Biologists find fish carry their active or passive feeding strategies from their natural world into the lab

BY ANDREW VOWLES

Fish have distinct personalities that explain differences in such behaviours as eating and swimming, a U of G study has found.

In a paper published in the journal Animal Behaviour, Prof. Rob McLaughlin, Integrative Biology, and researcher Alex Wilson learned that fish show distinct personality traits: staying put or exploring, risk-averse or risk-taking, sociable or aggressive.

“We've seen the kinds of phenomena we associate with personality in humans showing up in domesticated animals and now in wild animals,” says McLaughlin, who teaches, among other things, animal behaviour.

He and Wilson observed two kinds of feeding strategies among very young brook trout in the Credit River near Toronto. Active feeders swam near the surface, away from the bank. Sit-and-wait feeders remained near the stream bottom, feeding on what passed by.

“We wanted to test whether behavioural differences in the field were tied to underlying differences in personality,” says McLaughlin.

They caught the fish and tested them for six days in the Hagen Aqualab on campus. They found that fish that were more active in the field spent more time moving in the aquarium, spent less time near the bottom and took less time to emerge from a glass jar than their sedentary counterparts did.

Active fish stayed active and changed their activity less, on average, than fish that used a sit-and-wait-strategy in the field.

Subsequent work by current master's student Michelle Farwell has helped cancel out potential differences caused by such factors as variations in resting metabolic rates or swimming ability. She also showed that fish that are more risk-averse have higher levels of cortisol, a hormone whose concentration increases in animals under stress.
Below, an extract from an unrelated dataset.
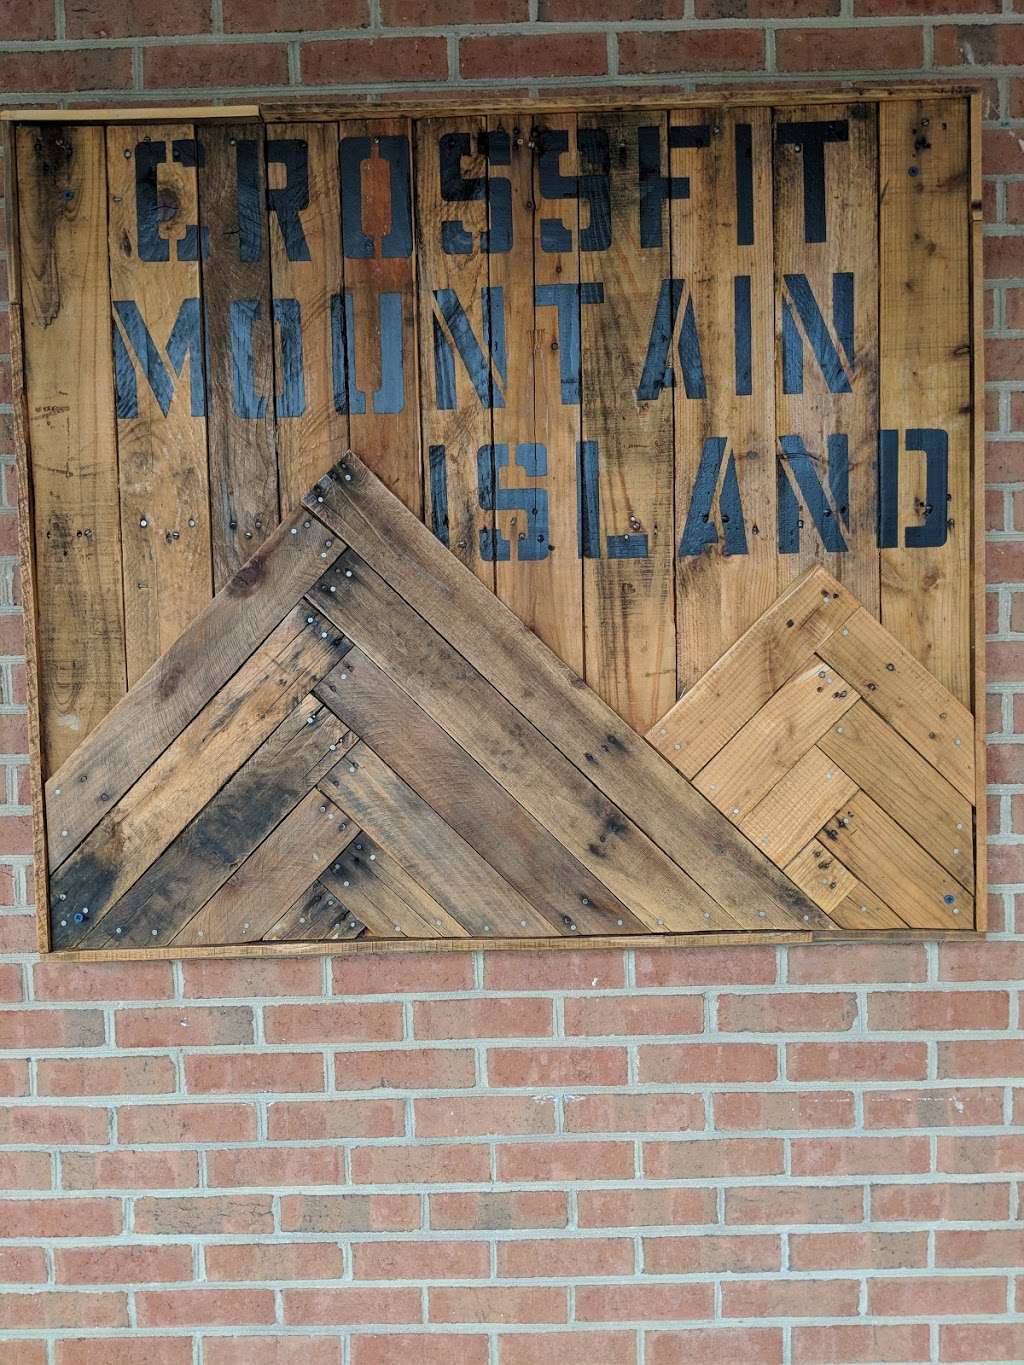 CrossFit Mountain Island | 8416 Bellhaven Blvd, Charlotte, NC 28216, USA | Phone: (803) 242-4816

“What's cool,” says McLaughlin, “is the possibility for individual behaviour to influence food webs and interactions between prey and predators, and the evolution of fish populations with groups differing in behaviour and body form.”
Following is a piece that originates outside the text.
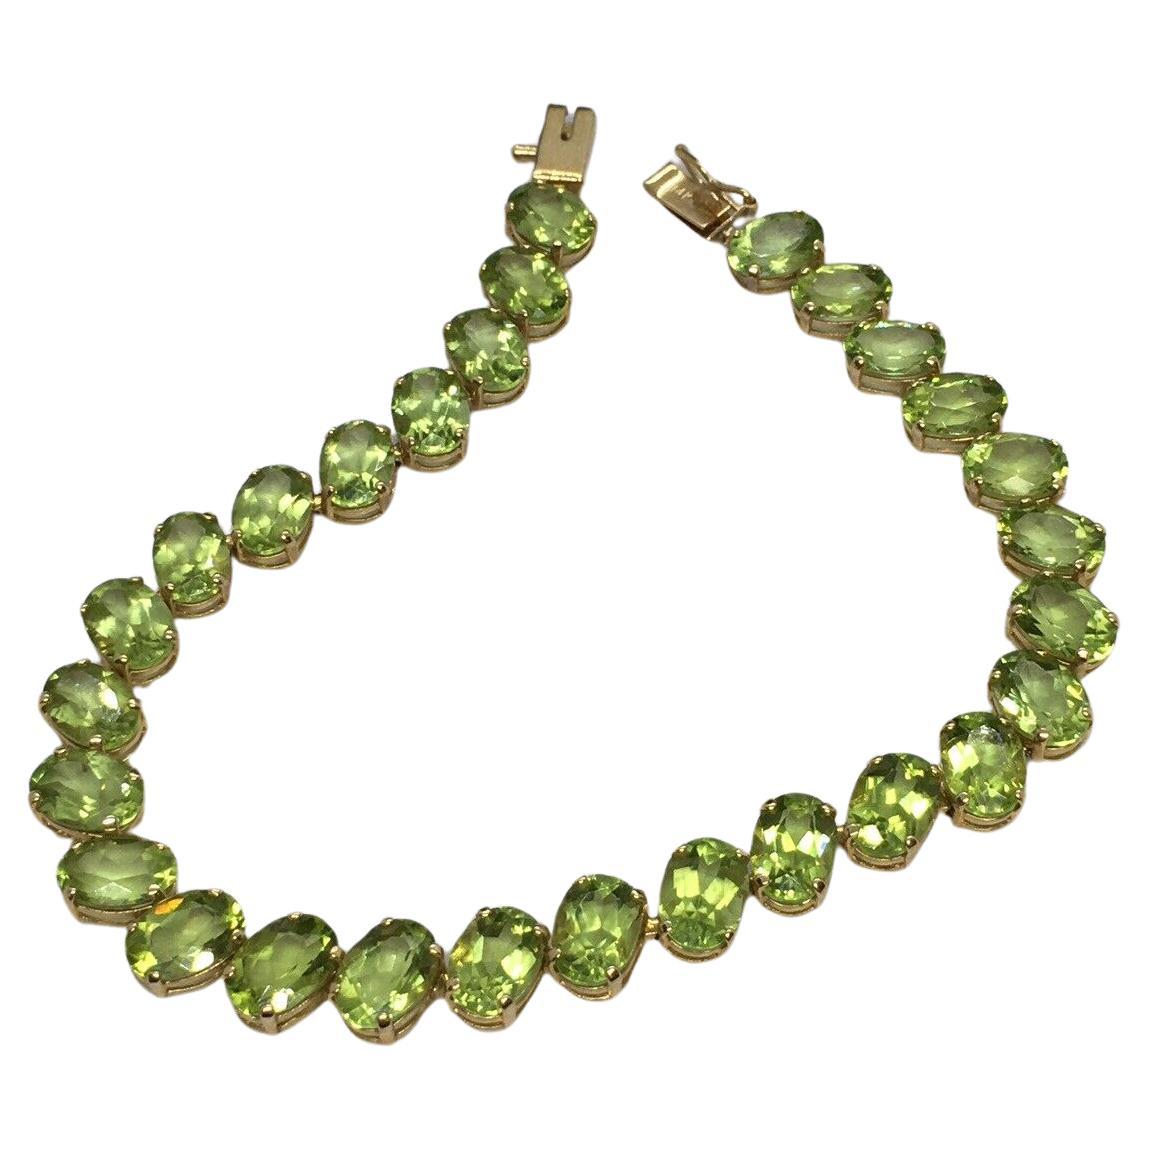 14K gold 7 mm by 5 mm 28 Oval Natural Peridot Tennis Bracelet Women 7.25 inch For Sale

Their work may help in managing fish stocks more precisely by accounting for personality differences between groups of fish. Setting catch regulations based on studies of fish taken only from the water column, for instance, may cause relatively more active individuals to be caught than sedentary ones, with unexpected consequences for the entire population and for biodi- versity.

McLaughlin also suggests that, over many generations, these personality differences along with environmental differences may play a role not only in the creation of subgroups of fish but also in the evolution of new species.

Switching to people, Farwell says personality might have helped early humans living a hunter-gatherer existence: “You could definitely see selection for more or less aggression.”

McLaughlin says his results may apply to other kinds of animals, although he's not sure how his ideas might explain differences between his teenage daughter and her younger brother.

“Do animals have personalities? We tend to think of pet owners as being clouded by their attachment to their animals. Maybe they're more correct than scientists give them credit for.”

McLaughlin is a Partnership for Ecosystem Research and Management scientist at Guelph who also studies sea lamprey control in the Great Lakes.